AUD takes out the recent cyclical highs and dispersion readings remain low. Both are signs that the uptrend is not yet extended. We have noted here the leveraged shorts on the AUD before primarily from the macro community that sees Australia as a derivative bet on a disorderly unwind of China.
This trade like the shorts in CAD had become stretched. It may well prove correct in the long run, but in the short term, it is proving both crowded and vulnerable.
AUD risk reversals losing their premium for AUD puts. As noted in this Research Note, the AUD dollar is a biased currency. It tends to appreciate in a corrective fashion with declining volatility, and decline impulsively with rising volatility.
Because of this the odds of the AUD risk reversals moving through par, and in effect become bid over for AUD calls is low. However, if this were to happen, even in the front end of the curve it would be a good sign of trend exhaustion.
Above is the AUD rolling Dispersion indicator which unlike the same indicator for $-CAD, implies more trending price action in the near term.
GBP punches through its previous tops however it does so without the corresponding rise in momentum. One has to attribute some of this recent GBP strength to the growing view that a so-called hard Brexit is off the table. However, it is hard to see the confusion in the UK government diminishing any time in the near term. Cable is likely to remain volatile and shorting GBP vol is ill advised.
There is also the view expressed in some quarters, that Brexit will not really happen or rather that the negotiations will drag on for so long that they will seem less relevant particularly if Macron and Merkel are able to make changes to the EU constitution that makes EU membership more attractive to the UK. This idea may seem far fetched but it may not out of the question as it is extremely unlikely that the negotiations can be concluded before the two-year dead line.

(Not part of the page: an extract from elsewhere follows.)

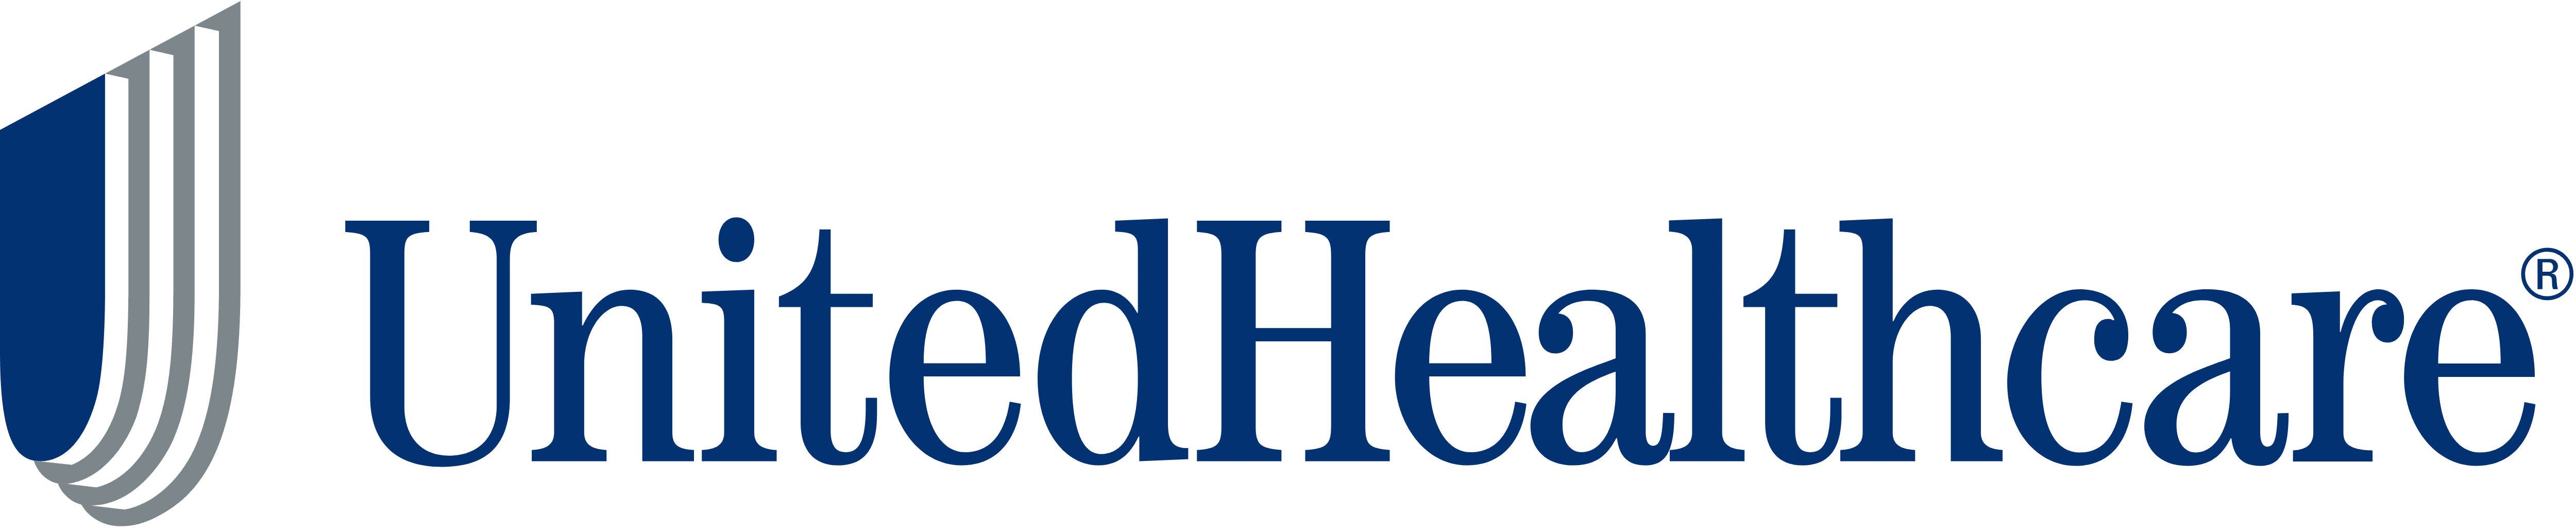 Unitedhealthcare-logo-1977-2020

Similarly the EUR is holding on to the hourly trend line while we are seeing clear signs of short term momentum divergence.
As pointed out here last week the CHF is threatening to break out of it consolidation patter while at the same time the dispersion readings have remainled low. As the bounderies of dispersion narrow the volatility is compressed further and is now approaching levels where the CHF is likelly to start to trend.
We are not far off a buy signals in the 3M and 6M periods of the CHF curve. This is the time to sit on the bid for 25-20 delta strangles. As is our preference it is best to just let the market come to you rather than to pay the bid-ask spread.
It also makes sense to stagger orders over time in order to gradually build up a long position. We are not far off major historical lows in the CHF implied vols and the probability of success with this trade are high.
Signs of short term exhaustion in CADJPY. Last week it looked very much as if the JPY was breaking out of a long term symetrical triangle formation. However this reversed sharply on the week and proved a false dawn. It may nevertheless proove correct in the long term.
The FX market sold the dollar off at the end of last week on what was seen as inflation readings well below expectations. This may well be the correct response in the short term. However down the road the market, and the JPY in particular, will have to overcome the consequence of the Fed’s balance sheet tightening.
Again, in a week inwhich the CAD continued to rally the risk reversals moved in favour of USD$ calls. At the same time front end vols from the one month on out edged lower. That confirms the suspicion expressed here last week that the market is moving into an area of long strike inventory.
It should be noted that this is the contrary price action to what we noted above with respect to the AUD, suggesting, that the FX market is more dangerously short AUD than CAD.
Momentum indicators on CAD are now very oversold but not yet showing any signs of divergence. Indicators based on the correlation of implied vol and spot are suggesting further that that the CAD dollars upside from here is far more limited. However, before implementing any counter-trend trade it would still be prudent to wait until the rolling Dispersion has peaked. When this does occur, I would have a look at a butterfly trade for DEC expriation.
For example, Buy the DEC 81 CAD put, sell twice the number of DEC 76 Puts, and buy one time the 71puts. This trade can be implement at roughly a cost of 174 tics, with a break even expiration rate of 79.26, or 1.2616. If the spot remains range bound the 81 puts will actually have some positive decay because of a small pick up of the forward points and because of their higher delta.
This is not a trade you would likely hold to expiration but would unwind based on a move back to 6% in the vols and the spot back up to the short strike at .7600 or 1.3150 area. The maximum profit is the difference between the strike (500points) less the premium paid. The max loss is the premium paid.
Copper vols are drifting lower as the spot slowly grinds higher. Admittedly, the commodity bloc currencies, CAD and AUD, may be getting some muted support from commodity prices but in general, but the price action as exemplified by copper above, has been characterized by broad consolidation and volatility compression.
Copper trending slowly higher is consistent with the evidence of a synchronized global recovery, but it is hard to find evidence, so far at least, a long term secular bull market. Global reflation is intact, but the lack of strong momentum in commodity prices suggest that the global recovery is still fragile.